The Fed proposal would allow up to 25 percent ownership of a bank, compared with about 10 percent currently, without triggering oversight of the investor, if other qualitative factors are met, they said. Berkshire Hathaway currently has close to 10 percent ownership of Wells Fargo (NYSE:WFC) & Co., BNY Mellon Corp., Bank of America Corp (NYSE:BAC)., and US Bancorp (NYSE:USB), they noted, as bank investments accounted for more than 40 percent of the firm’s $173 billion equity investment portfolio as of the end of 2018.
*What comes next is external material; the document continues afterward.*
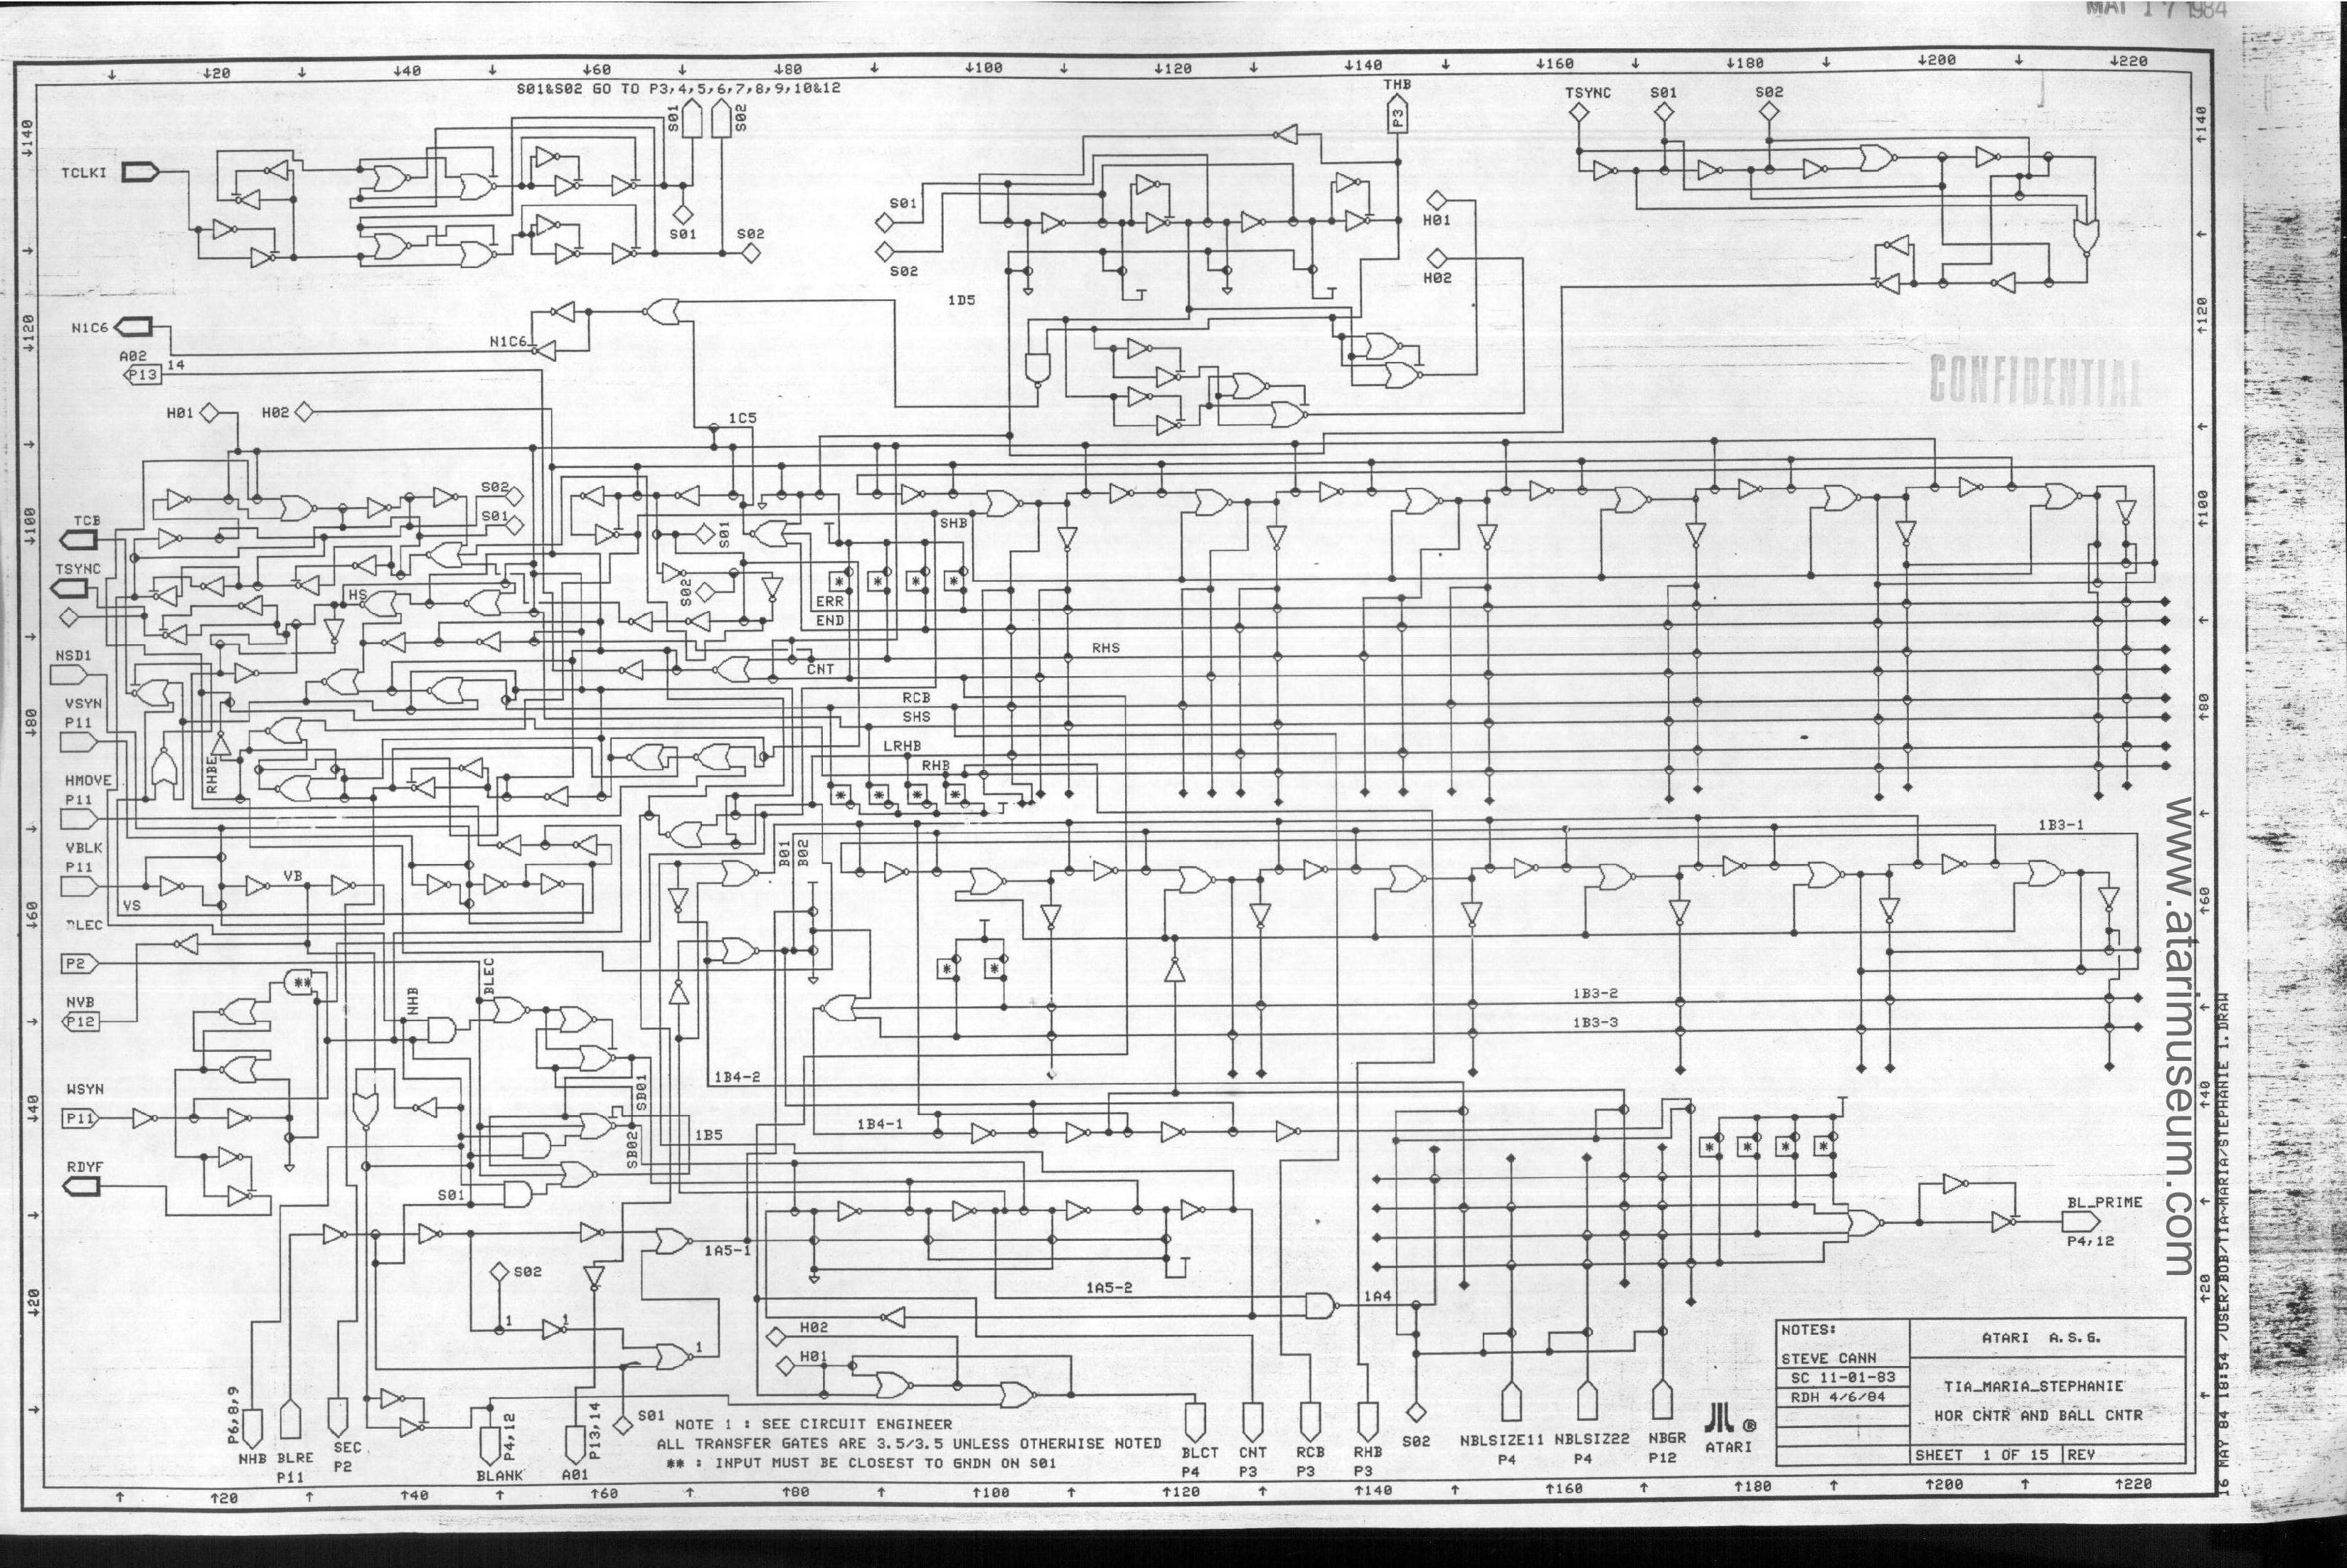 Atari 7800 Schematics Found in Dumpster Treasure Trove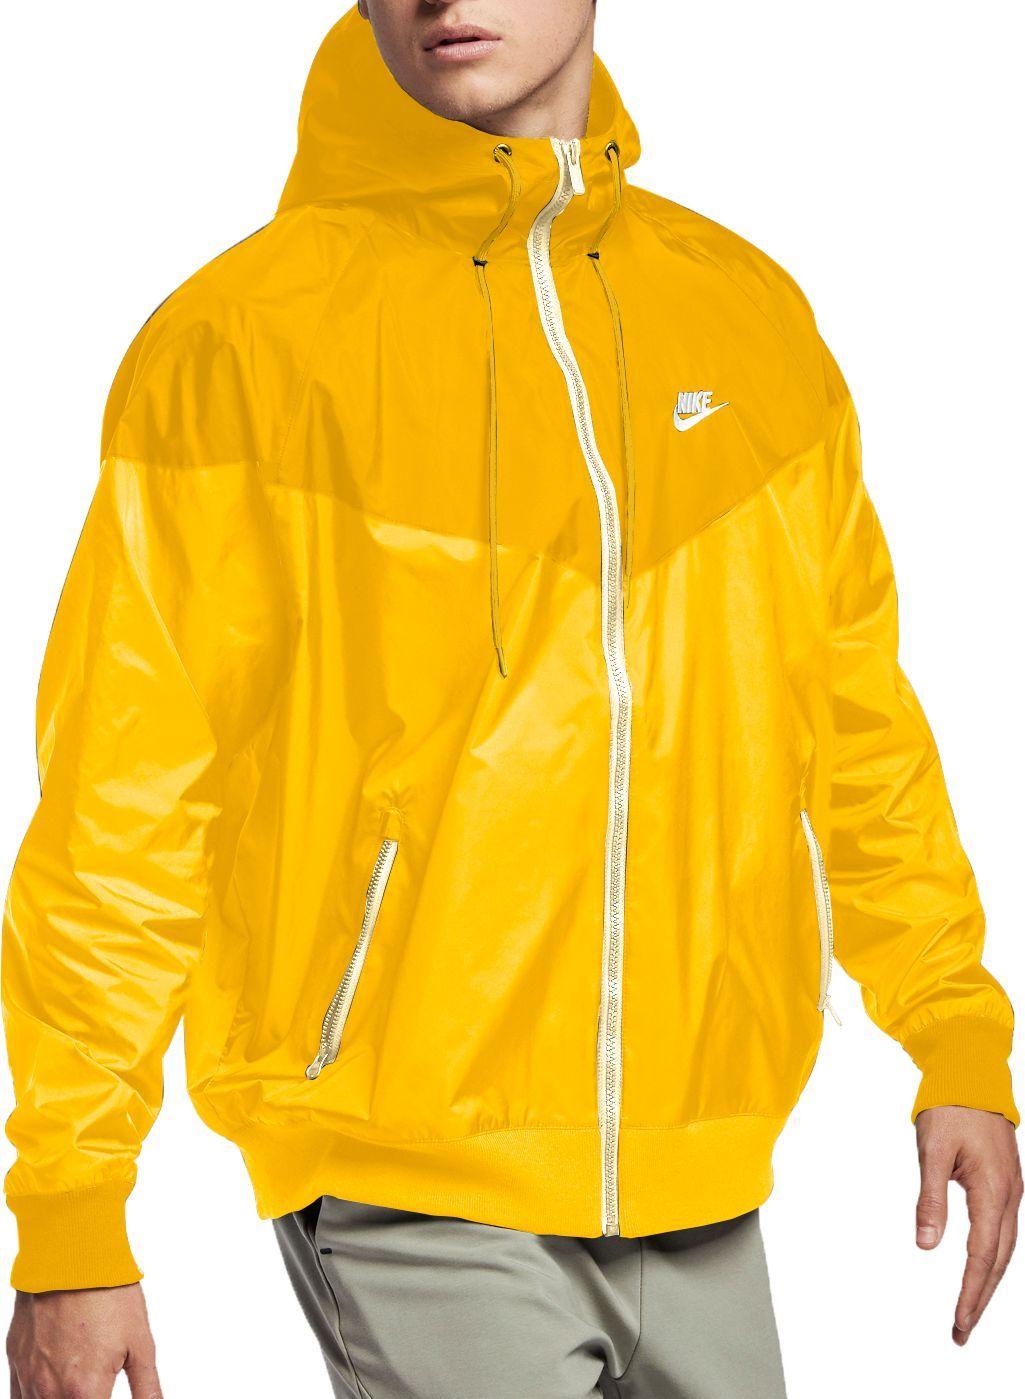 club ella es Testificar  chaquetas nike hombre amarillo Hombre Mujer niños - Envío gratis y entrega  rápida, ¡Ahorros garantizados y stock permanente!

“Buffett has intentionally kept its ownership below the 10 percent threshold to avoid Fed oversight of Berkshire,” they said. Gelb and Goldberg noted that Berkshire also owns 18 percent of American Express Co (NYSE:AXP)., based on a special Fed oversight exemption.
It’s unclear whether Berkshire would materially increase ownership stakes in banks in which it holds about 10 percent. However, a rule shift would at least mean it would “have the option of doing so, or not being required to sell shares due to share buybacks pushing its ownership stake above 10 percent,” they wrote. Buffett might also consider increasing stakes in other banks Berkshire owns at smaller scales, such as Goldman Sachs Group Inc (NYSE:GS)., M&T Bank Corp (NYSE:MTB)., Synchrony Financial, PNC Financial Services Group (NYSE:PNC) and JPMorgan Chase & Co (NYSE:JPM)., they added.
The KBW Bank Index has gained 17 percent so far this year, led by Citigroup Inc (NYSE:C). SVB Financial Group, SunTrust Banks Inc (NYSE:STI). and BofA. The increase is similar to the S&P 500’s rise.